# Pups too lazy in the Florida heat!



## shortdariwanda (Mar 8, 2010)

My husband and I have a lounge chair on our screened porch that has been usurped by our babies, but predominantly Tito. When we want to sit on that chair to lounge, we have to push the babies out of it, and Tito stares at us from the floor. As soon as we get up to get something inside or to use the bathroom, Tito immediately jumps back onto the chair and makes himself comfortable.

Anywho, we all spent our Friday out on the porch because it was ridiculously hot inside the house.


----------



## shortdariwanda (Mar 8, 2010)

three more!


----------



## chowder (Sep 7, 2008)

They're adorable and correct, you shouldn't move on a hot day! I left Florida because I couldn't stand the heat and now it's 94 degrees in NC already......Rocky just wants me to move to the Arctic and I have to agree with him. The south is not for us.


----------



## shortdariwanda (Mar 8, 2010)

Don't forget the crazy bugs down here! The bugs here are insane and most of them bite! I'm from Cali where the only bugs we had to worry about were maybe some bees and some flea, but here, all the bugs are on steroids and they all bite! I had to shave my pap-mix down because even with the advantix, the fleas were buried in his immensely long papillon fur and were making his life miserable...:frown:


----------



## Ruffrider25 (Apr 22, 2010)

shortdariwanda said:


> I had to shave my pap-mix down because even with the advantix, the fleas were buried in his immensely long papillon fur and were making his life miserable...:frown:


It is HOT and HUMID today in Florida, I just tried to take my pup for a walk at 6:00 and I had to turn around with her, I was drenched and she was panting up a storm.

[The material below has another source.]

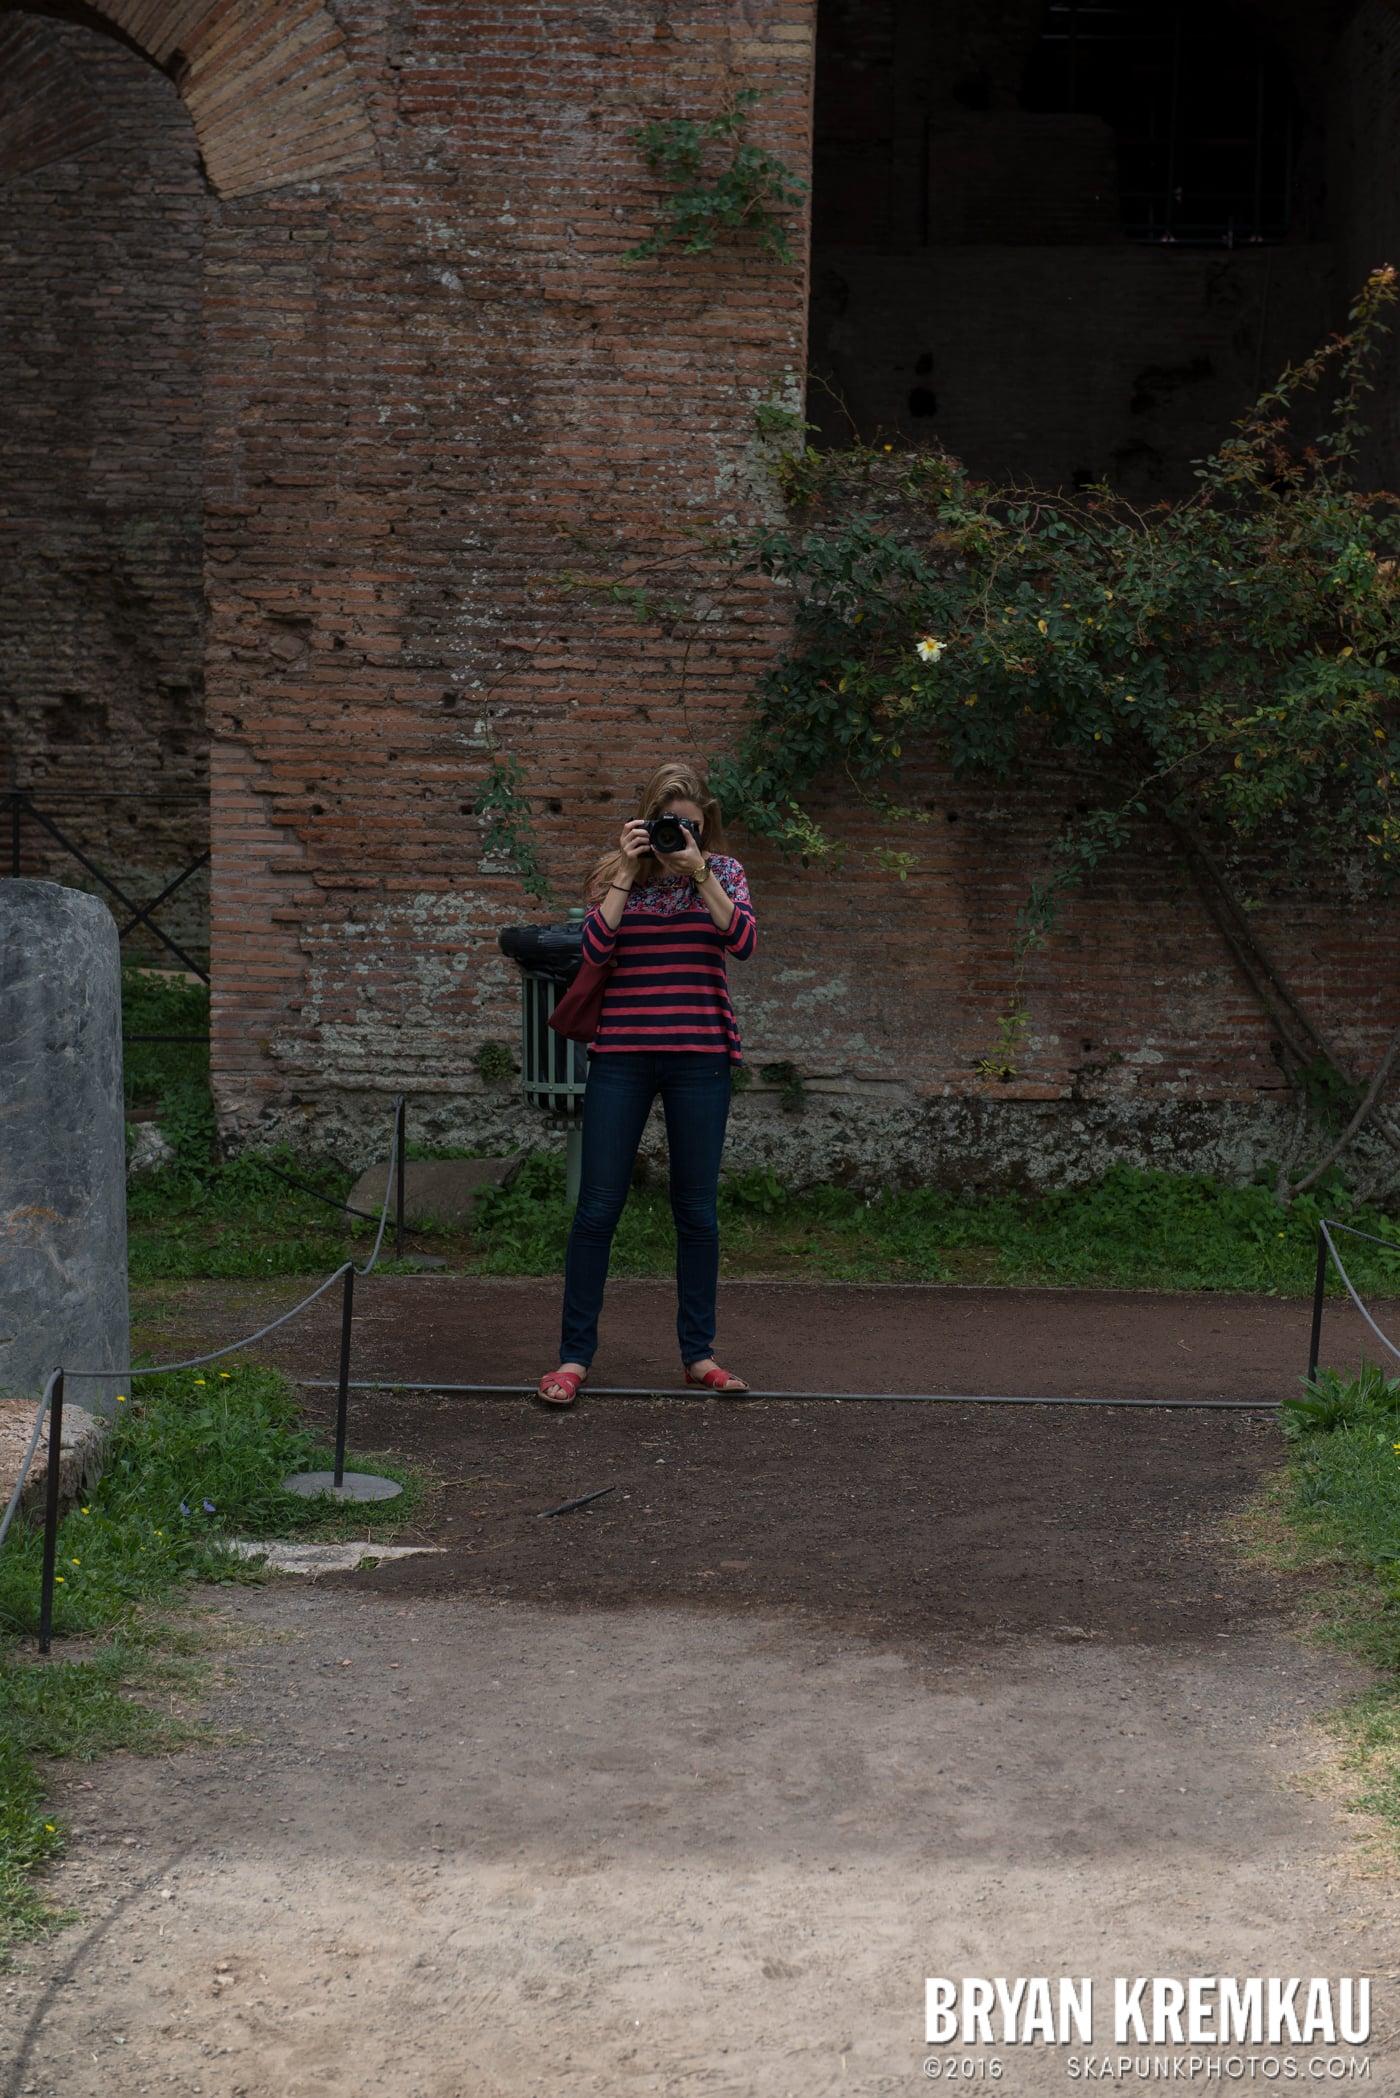 Italy Vacation - Day 2: Rome - 9.10.13 (98)

Don't know where in Florida you are, but our lawn is treated for fleas twice a year and we haven't seen a single one. Only thing that sucks is they recommend that the dog doesn't play in the yard until after a good rain shower.


----------



## DaneMama (Jun 27, 2008)

So cute! Thanks for sharing :wink:


----------



## luvMyBRT (Mar 8, 2010)

What a bunch of cuties you have there! Adorable. Thanks for sharing! :smile:


----------



## chowder (Sep 7, 2008)

shortdariwanda said:


> Don't forget the crazy bugs down here! The bugs here are insane and most of them bite! I'm from Cali where the only bugs we had to worry about were maybe some bees and some flea, but here, all the bugs are on steroids and they all bite! I had to shave my pap-mix down because even with the advantix, the fleas were buried in his immensely long papillon fur and were making his life miserable...:frown:


I know.....we lived in Tampa for 4 years while we went to college and between the roaches being the size of small dogs and the love bugs coveriing your windshields while you drove, I saw enough bugs to last me a lifetime!! We went canoeing once and made the mistake of stopping on the side of the riverbank to try and have lunch.......almost got eaten alive by mosquitos and an alligator! 

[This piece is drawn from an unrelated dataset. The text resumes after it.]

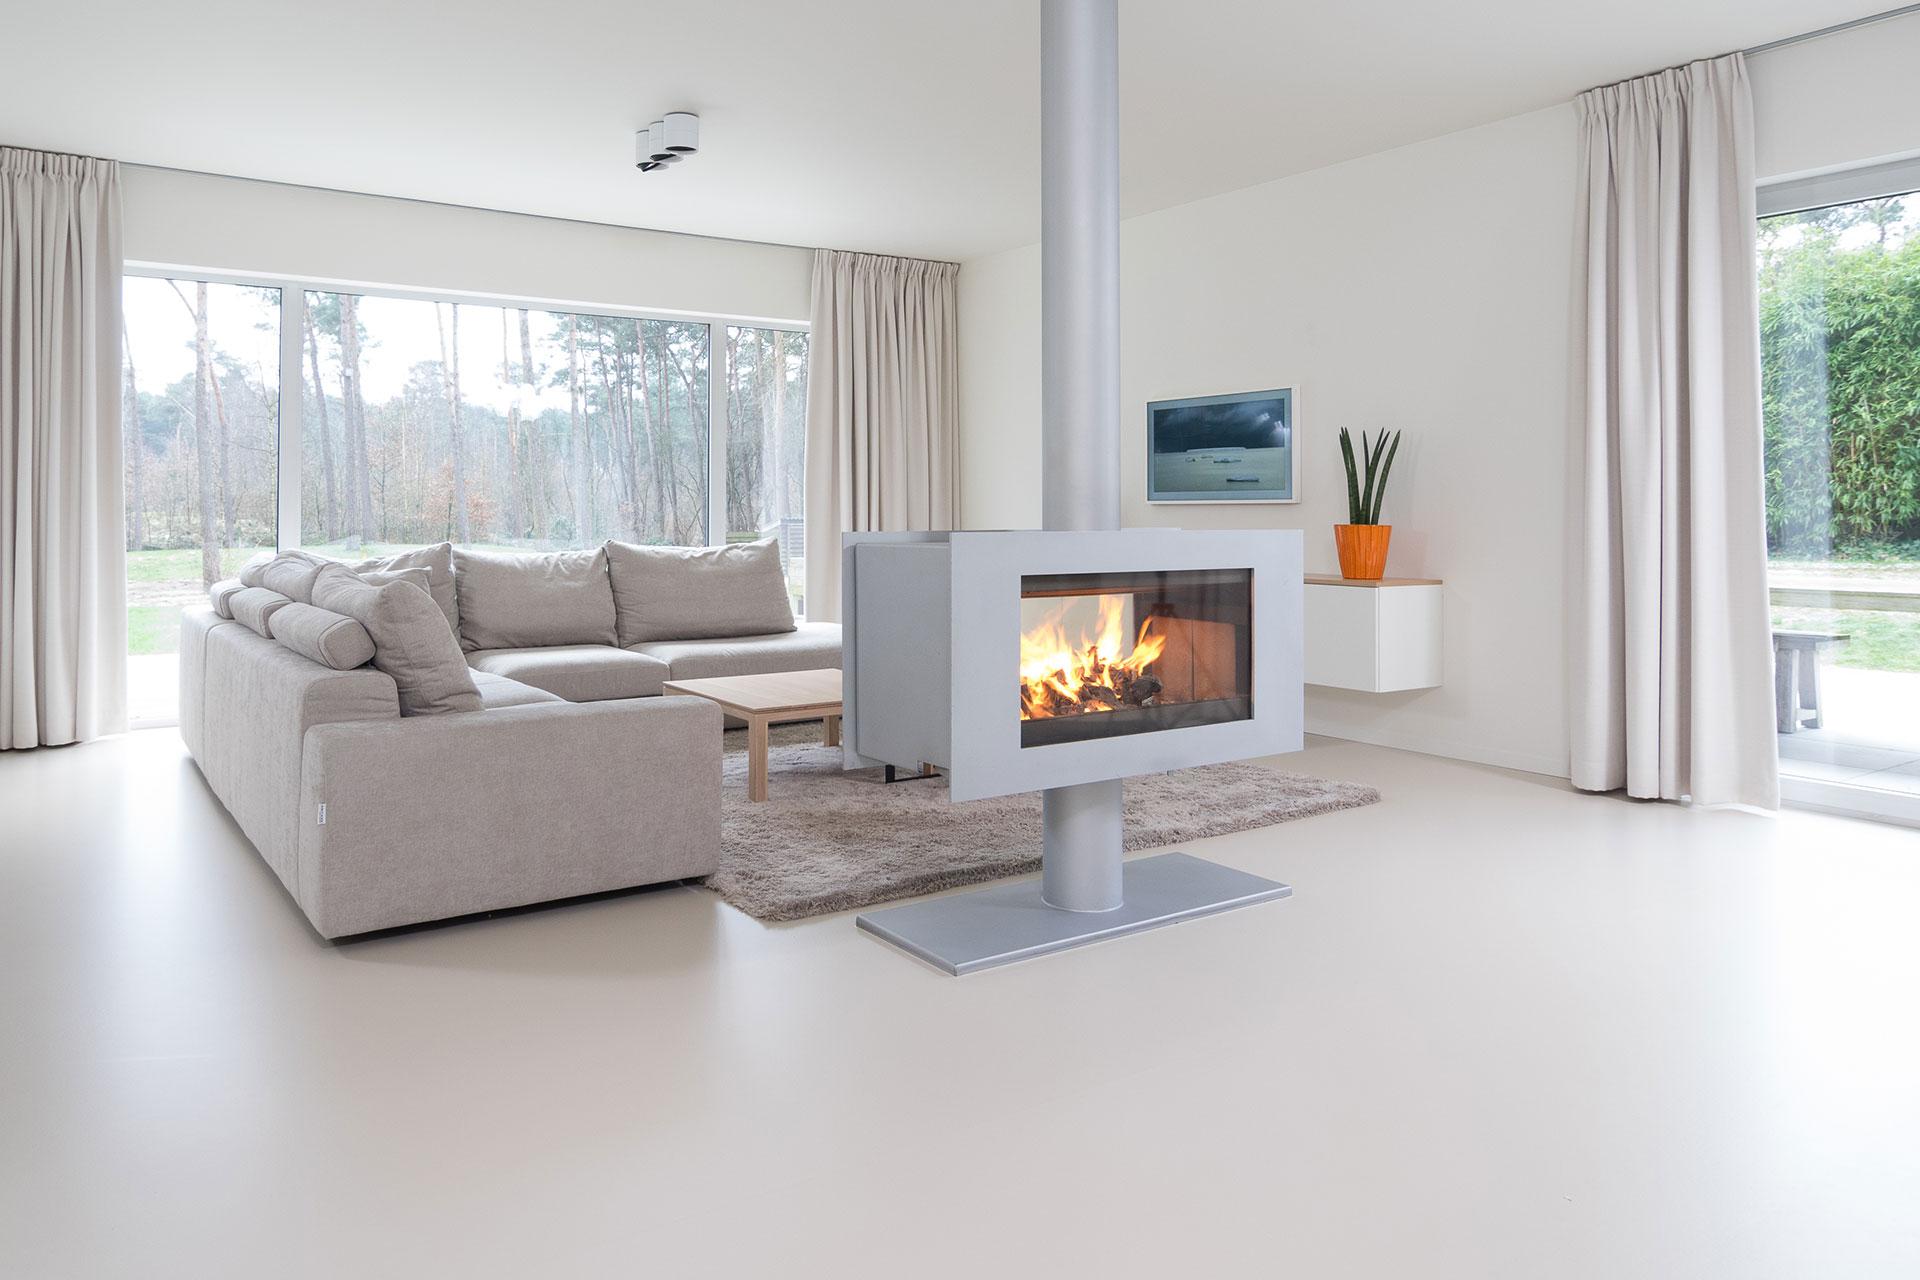 Licht En Interieur.Een Interieur Met Gietvloer Straalt Licht Warmte En Rust

I actually dread the times we have to go back and visit relatives. The heat and humidity will kill you unless it's mid January and that never seems to be the time they want us to visit!


----------



## harrkim120 (Feb 2, 2010)

shortdariwanda said:


> Don't forget the crazy bugs down here! The bugs here are insane and most of them bite! I'm from Cali where the only bugs we had to worry about were maybe some bees and some flea, but here, all the bugs are on steroids and they all bite!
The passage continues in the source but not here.